Looking at the glass half-full, starting from a weak position means that we don’t have a strong position to defend in this real-world Risk game. We have seen that the main challenge China and the US are facing is to solve their problems without breaking what already works. We don’t have this “problem”.
Being a first mover works great when it works, but it means you have to face uncertainties without a working playbook to rely on. The US and China have been first-movers with their own strategies, Europe is today a follower: we can look at what worked and what didn’t work and try not to commit the same errors.
The most pressing thing to fix in Europe (leaving bureaucracy aside) is energy, as “everything is downstream of energy”.
Not many know that today Europe produces more electricity from renewables than from fossil fuels.
The beauty of renewables for Europe is that we still play an important role in the value chain of wind and hydroelectric power. Moreover, while most of the solar industry is concentrated in China, it is mostly the result of the difference in investments between Europe and China - 10x less in the last decade - and there is nothing structural that cannot be reverted (apart from a few selected raw materials). This is a big difference from fossil fuels, that will always be constrained by the availability of the raw materials in a given region.

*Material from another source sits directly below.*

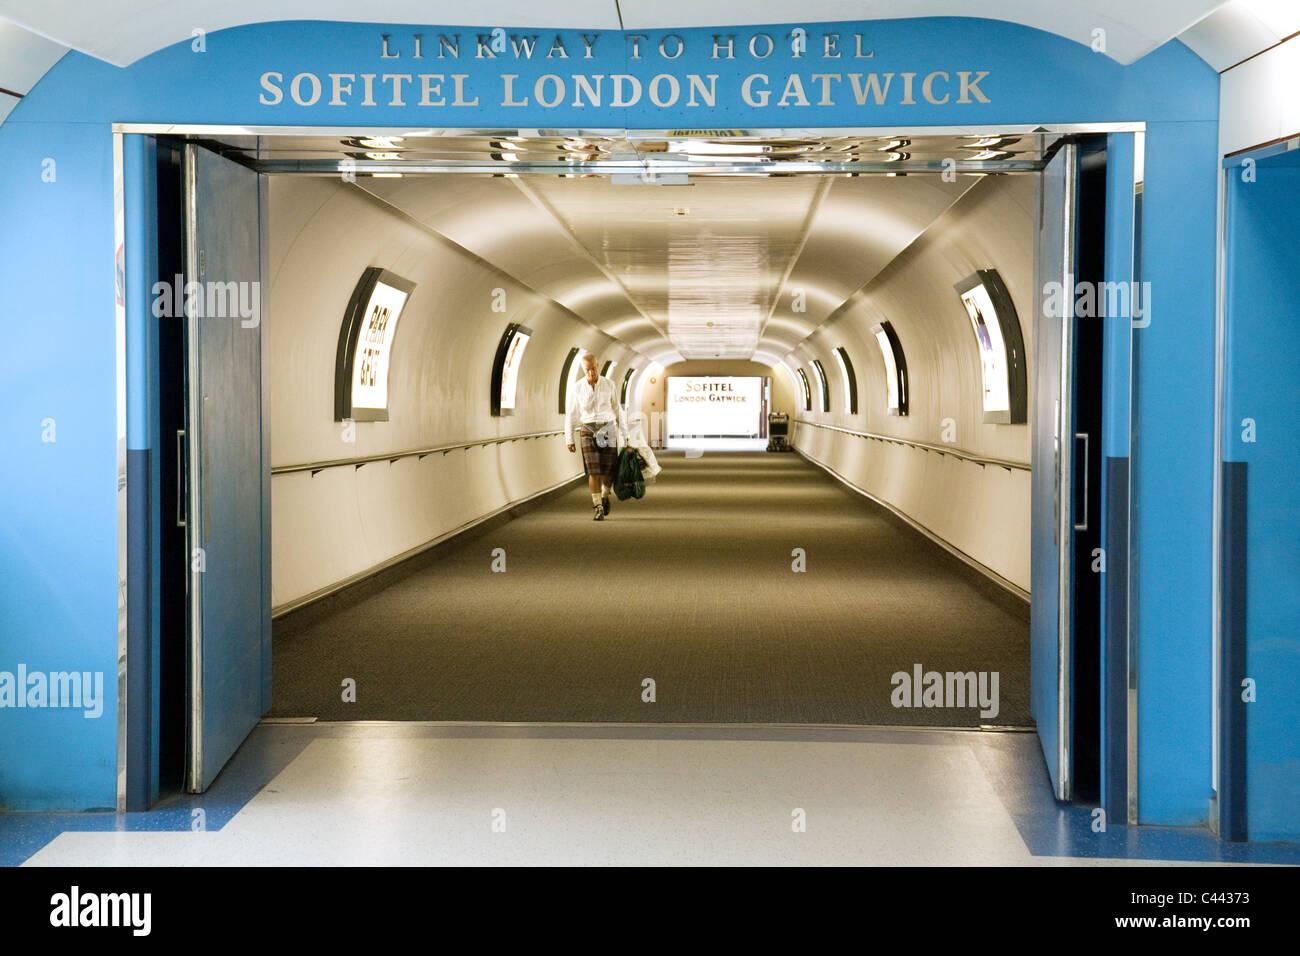 Entrance to the Sofitel Hotel, Gatwick Airport, UK - Stock Image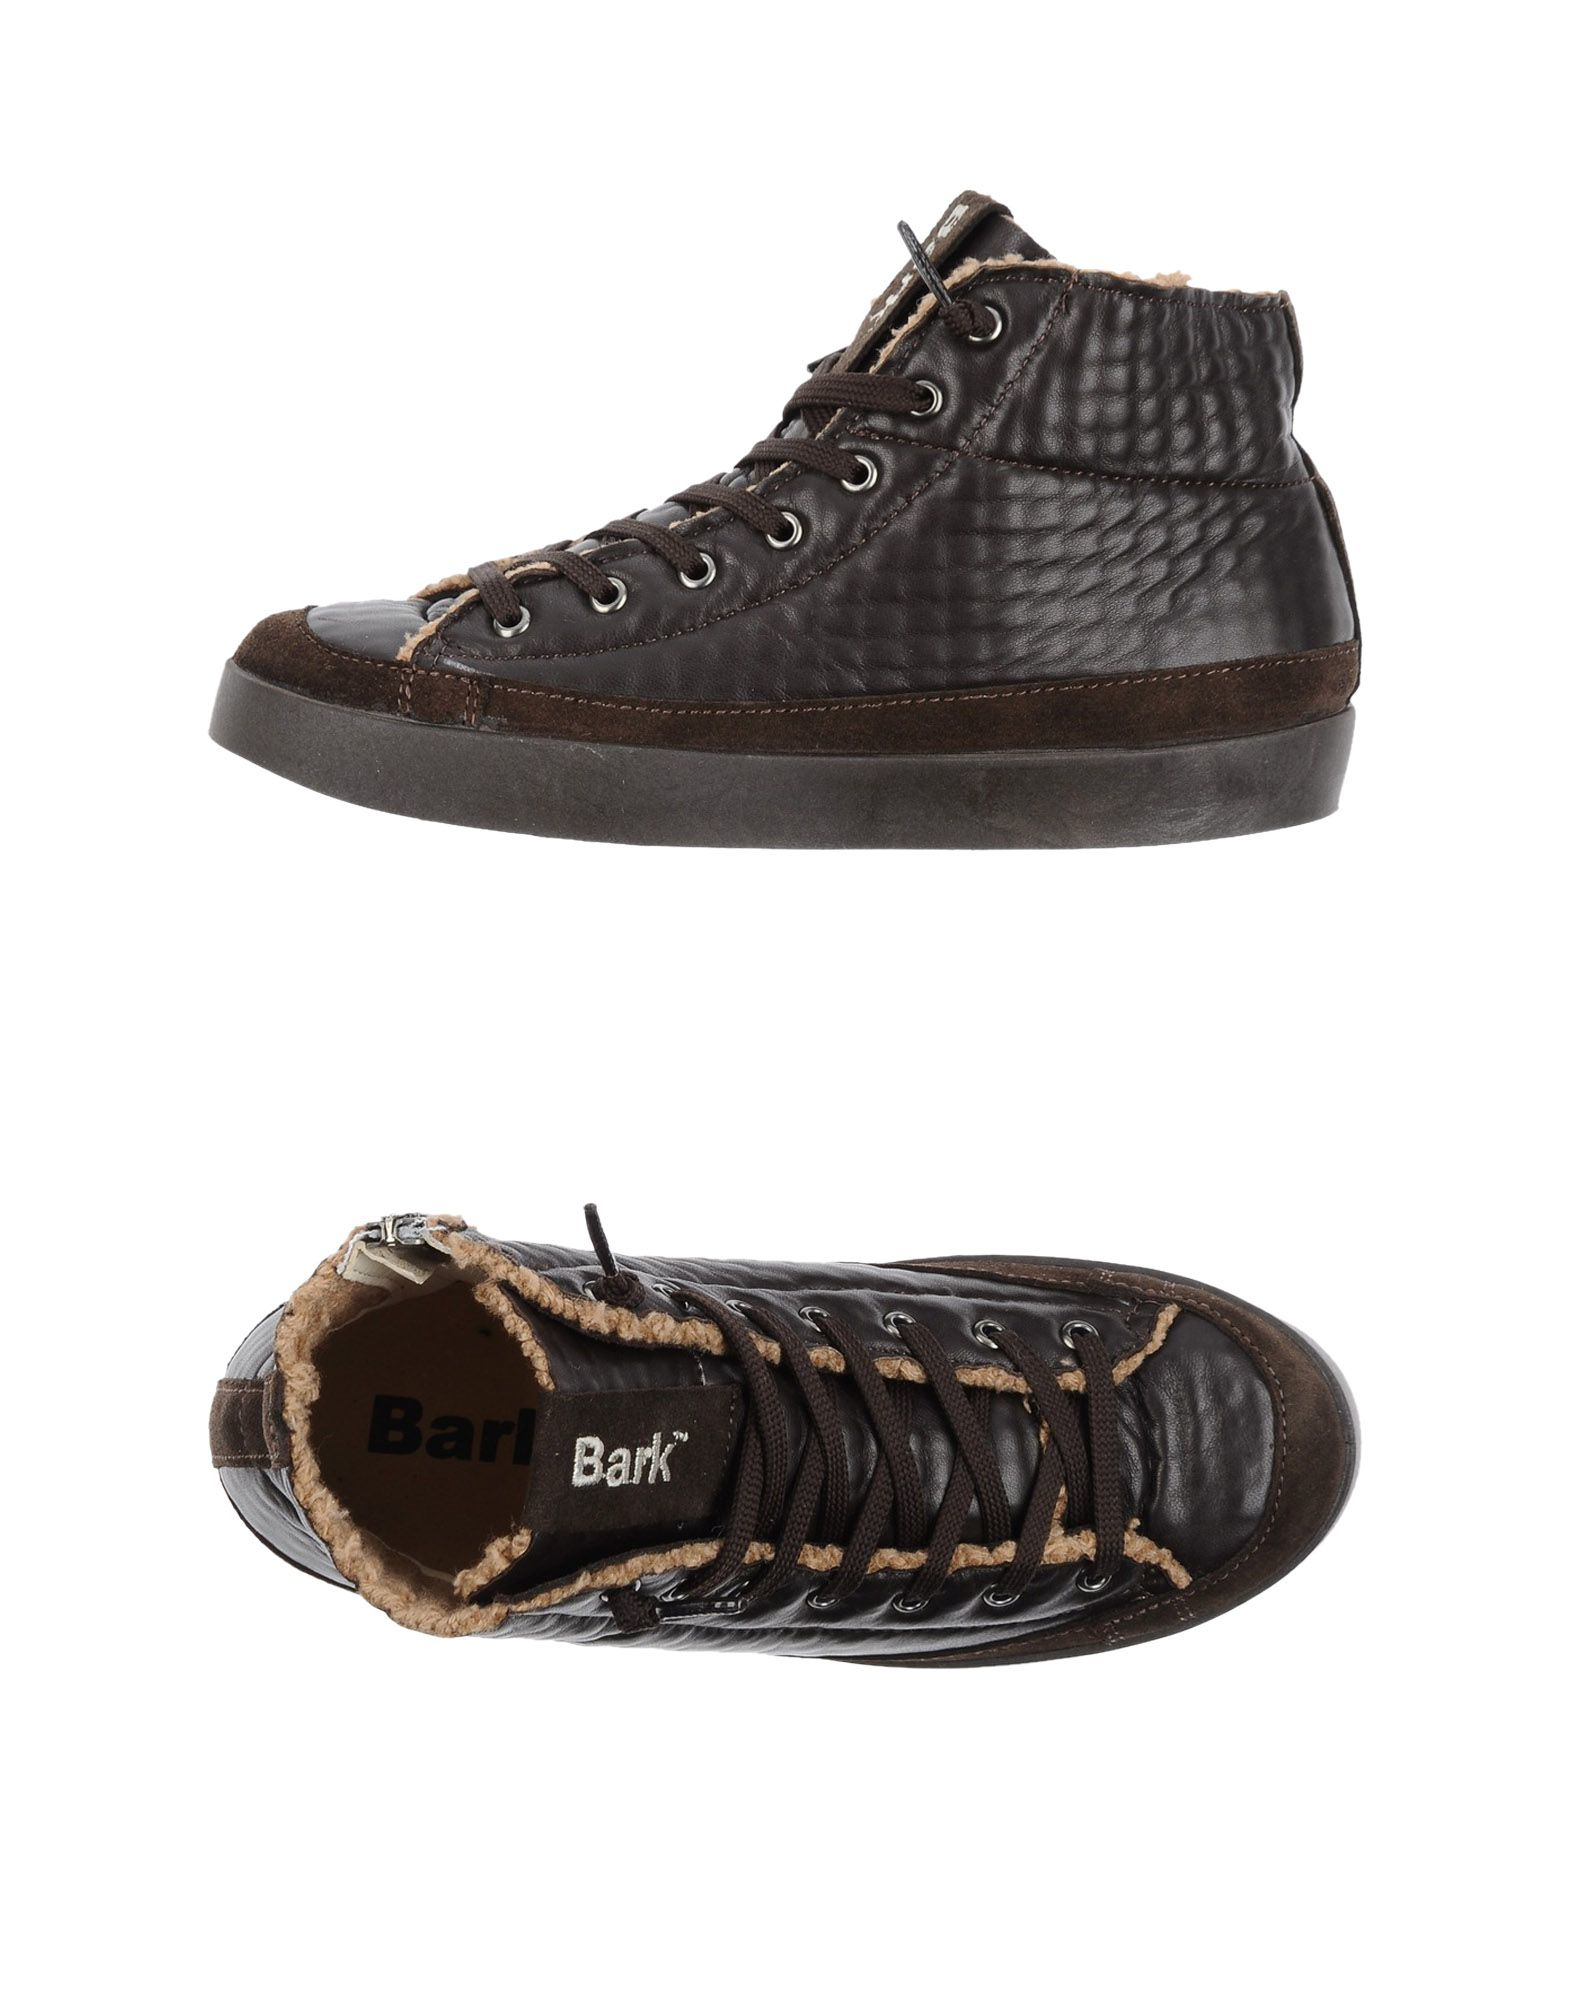 FOOTWEAR - High-tops & sneakers Bark 3gxEy1X4T

Electrifying our economies can reduce our dependency on oil-producing countries, many of which have unstable or openly hostile governments, finally making obsolete fossil fuel supremacy and achieving strategic independence. This should be a major geopolitical goal for our continent.
The other important thing to notice is that complete decoupling of modern economies is impossible to achieve, and it is delusional to think of a future in which the US or Europe or China will produce all they consume on their own.
If this is true, then what is it that we do want to reshore and own?
Things that have high value added, that employ skilled people in interesting jobs, and that are in the supply chain of the most critical industries.
As it turns out, in Europe, we still have much of that. Despite the talk of the town being how the only industry we have here is that of bureaucracy, the reality is that European countries are still leaders in the manufacturing of industrial tools that are essential for precision engineering, pharma, and semiconductors.

We still are a manufacturing-heavy economy, and we should always remember that when talking about “reindustrialization”.
Precision machinery is essential for the future of industry: a future in which energy usage comes mostly in the form of electricity, creating a natural ecosystem for software-defined manufacturing to thrive and for the virtuous data feedback loop, the loop that made internet companies great, to kick in.
Sure, software will play an increasingly important role. But at the core of everything is the ability to build high-quality physical things with sustainable marginal costs, something that is not true in the internet world and that economies can’t relearn overnight. Something that, despite everything, Europe is still quite good at doing.
One of our main weaknesses is having almost completely missed the internet revolution, as exemplified by all those memes comparing the market cap of the Mag-7 with that of entire national public markets.
But that is also a trap for the US, as those companies have built their brand on software but built their moat with hardware, often not built in the US.
It’s a familiar pattern: railroads needed land, cloud computing needed fiber, and now AI infrastructure needs vast, stable power. In the exponential age where compute demand outpaces supply, owning tomorrow’s terawatts may matter more than having the smartest model.
Azeem Azhar on Linkedin
If this is true, and if Europe is ambitious enough to remove the artificial blockers that bureaucracy and fragmentation have imposed on our economies, why should we accept a subpar role in the new world order?
Why shall we still accept to be the supporting leg of the empires of yesterday or of those of tomorrow?
I don’t think we should, and people are starting to realize that.